Вдруг у лаза кто-то зашевелился — Машка обмерла и в новом страхе вспомнила об Аркадии. Но по стене на чердак выскребалась кошка и, подняв хвост, промяукала.

«Да будь же ты неладна», — изругалась Машка и, суетно замотав холстину, положила наган на прежнее место. При этом Аркадий уже не выходил у нее из головы. Так как промасленная тряпица не выветрилась и не слежалась, можно было определенно судить, что за железом кто-то следил и ухаживал.

«Аркадию он совсем ни к чему, — рассуждала Машка, не сознавая того, как спускалась с бани, как пришла в избу и как заваривала кипятком зверобой. — Арканя лучше кулаком дернет, чем свяжется с этой железкой. Чужой кто-то облюбовал оглоблинскую баню. В случае чего — вся вина на Аркадия. А в Совете не любят его: поперешный, все своевольного житья ищет. Схоронить надо в другое место. Экая пакость попала на глаза».

Машка дала пожевать матери Катерине горьких травяных выварок, потом приневолила попить парного молока.

— Тепло ли лежать-то? Не холодно, говорю, а? — допытывалась Машка у старухи, ласково подтыкая ей под бока одеяло и полы шубейки. Мать Катерина молчала, а в уме усердно молилась и отплевывалась, что Машка оскоромила ее молоком.

Выйдя из горницы в избу, Мария увидела у порога Силу Строкова.

— Зову, зову, да никого не дозовусь. Вымерли, что ли? Здравствуй-ко. — Строков сел на порог, положил на колени свою папочку с тесемками. Машка широко раскрытыми растерянными глазами глядела на секретаря Совета, уже связывая его приход с наганом. Даже не сумела поздороваться. У Силы узкое лицо, длинный, по всему лицу, нос и тоже узкий. Никогда еще это лицо не казалось Машке таким хищным и выстораживающим. Но тонкие губы у мужика были в мягкой улыбке, и Машка собралась с духом.

— Хворает Катерина-то?

— Не приведи господь.

— А ты за лекаря?

— Да ведь хозяйство. Позвали. А Машка разве кому отказала?

— Знамо. Сам-то где?

— В кузне. Я пришла — его уже нету.

— Распоряжение вышло, — Сила для подтверждения положил на папку руку, — ехать, значит, Аркадию на лесозаготовки. На два срока как бессемейному. В четверг отправка. Вот передай.

— Да ведь у него мать при смерти. Какой четверг, скажешь тоже, Сила Григорич.

— Распоряжение председателя Бедулева. Ежели вопросы, пусть к нему. Все ли поняла? Как-то сполошно глядишь.

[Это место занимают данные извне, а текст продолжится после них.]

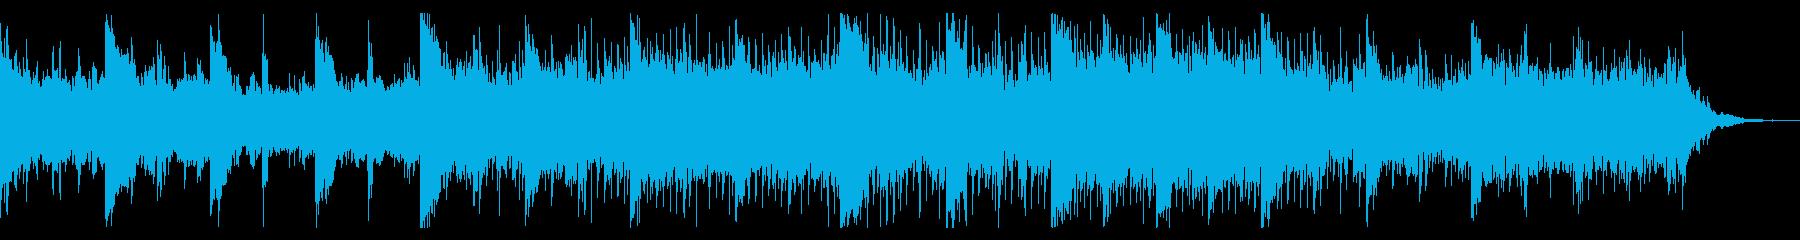 ダークでねじ曲がったテクスチャの再生済みの波形

— Плясать, что ль? Старуха на ладане… Как он от нее, подумали с председателем-то?

— Это уж пусть твой Аркаша думает. Шел бы в колхоз — дело бы ему сыскали дома.



— Не мытьем, так катаньем, а все в одну сторону.

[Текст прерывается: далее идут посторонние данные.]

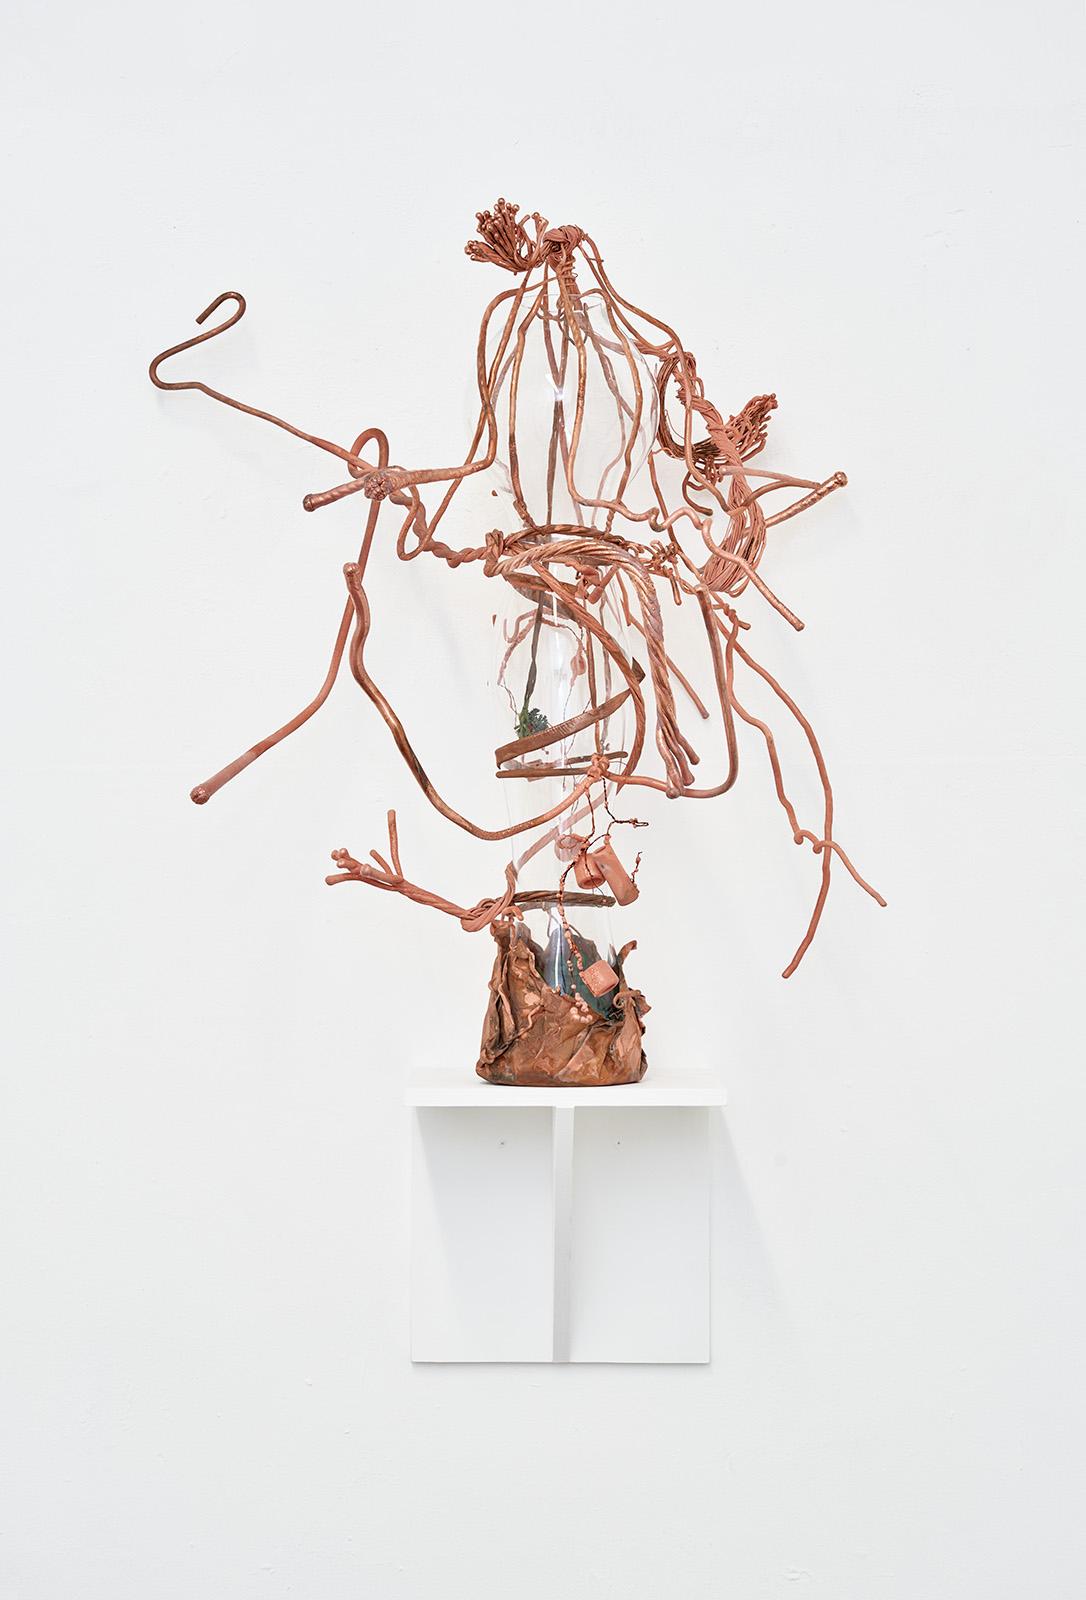 06-Vase-6-2021-Glas-Kupfer-100-x-70-x-45-cm

— Зубатая стала, Марья. Прямо так и жалишь. Прощевай-ко давай. Недосуг с тобой. У меня еще пятнадцать дворов.

В это время брякнула воротная щеколда, и Аркадий, войдя во двор, стал отворять большие ворота, завел лошадь с санями. Сила Строков вышел из дома и, стоя на крыльце, поздоровался с хозяином. Пока Аркадий затворял ворота, лошадь пошла к колодцу и ткнулась губами в пустую деревянную колоду. Аркадий, не обратив никакого внимания на Строкова и даже не поздоровавшись с ним, сердитый и недовольный, подбежал, с маху отдернул ее за узду, замахнулся. Начал распрягать, бросая сбрую в новые сани. Всем этим он показал свое отношение к Бедулеву, который обычно с добрыми вестями по избам не посылал. А Строков спустился с крыльца и так же, как Машке, показал папочку Оглоблину, сообщил жестко и кратко, отрезая ему путь к возражению:

— Постановлено, в лес на заготовки тебя. В четверг выехать. На Ощепово, видать, зашлют. Собирайсь запасливо.

— Не хрена вам, гляжу, делать там, вот вы и выкобениваетесь с Егоркой. Будто мы не знаем своего дела без вас. Я не колхозник, совать меня во всякую дыру. Это уж своих давайте, артельщиков, наряжайте. А мы как-нибудь сами, — говорил Аркадий, не отрываясь от дела и ни разу не глянув на Строкова, а высказавшись, взял повод и повел лошадь в конюшню, закрыл за собой двери. Строков сунулся за ним, осердясь, крикнул в притвор:

— Считай, разнарядку получил. Достукаешься вот, погоди ужо.

В темноте конюшни Аркадий громко стучал порожним ведром и не отозвался.

В избу пришел не в духе, а оттого что с утра ничего не ел, на голодное брюхо кипел злостью втройне. Умываясь, заплескал весь пол мыльной водой, сломал гребень, расчесывая свалявшиеся космы. Обломки бросил на божницу за икону. Мать Катерина непременно возмутилась бы: «Ай угорел, в святый-то угол?» Пятерней прибрал волосы.

Машка не выходила в избу, а толклась на кухне, наведывалась к старухе, которая уснула, безвольно открыв свой запалый рот. Но Машка слышала каждый шаг Аркадия, понимала его настроение и потому не совалась с расспросами.

— Овсянку сварила. На молоке, — сказала наконец, выбрав притихшую минуту. — Может, поешь? Затравили они тебя? А?

Аркадий поднялся от стола, подошел к ней, просунул свои руки к ней под мышки и тесно прижал ее к кухонной заборке, добираясь губами до ее шеи. Машке казалось, что его разогревшиеся с холода большие распяленные ладони сильно и ласково обхватили и запалили всю ее спину. Кровь так сильно плеснулась ей в лицо, что жаром заволокло и ослепило глаза. Она беспокойными пальцами нашла его ухо и стала мять его, выговаривая с упреком, не помня слов:

— К матери-то заглянул бы. Али боишься? Кремень ты, право. Душа, должно, волчиная в тебе… Арканя.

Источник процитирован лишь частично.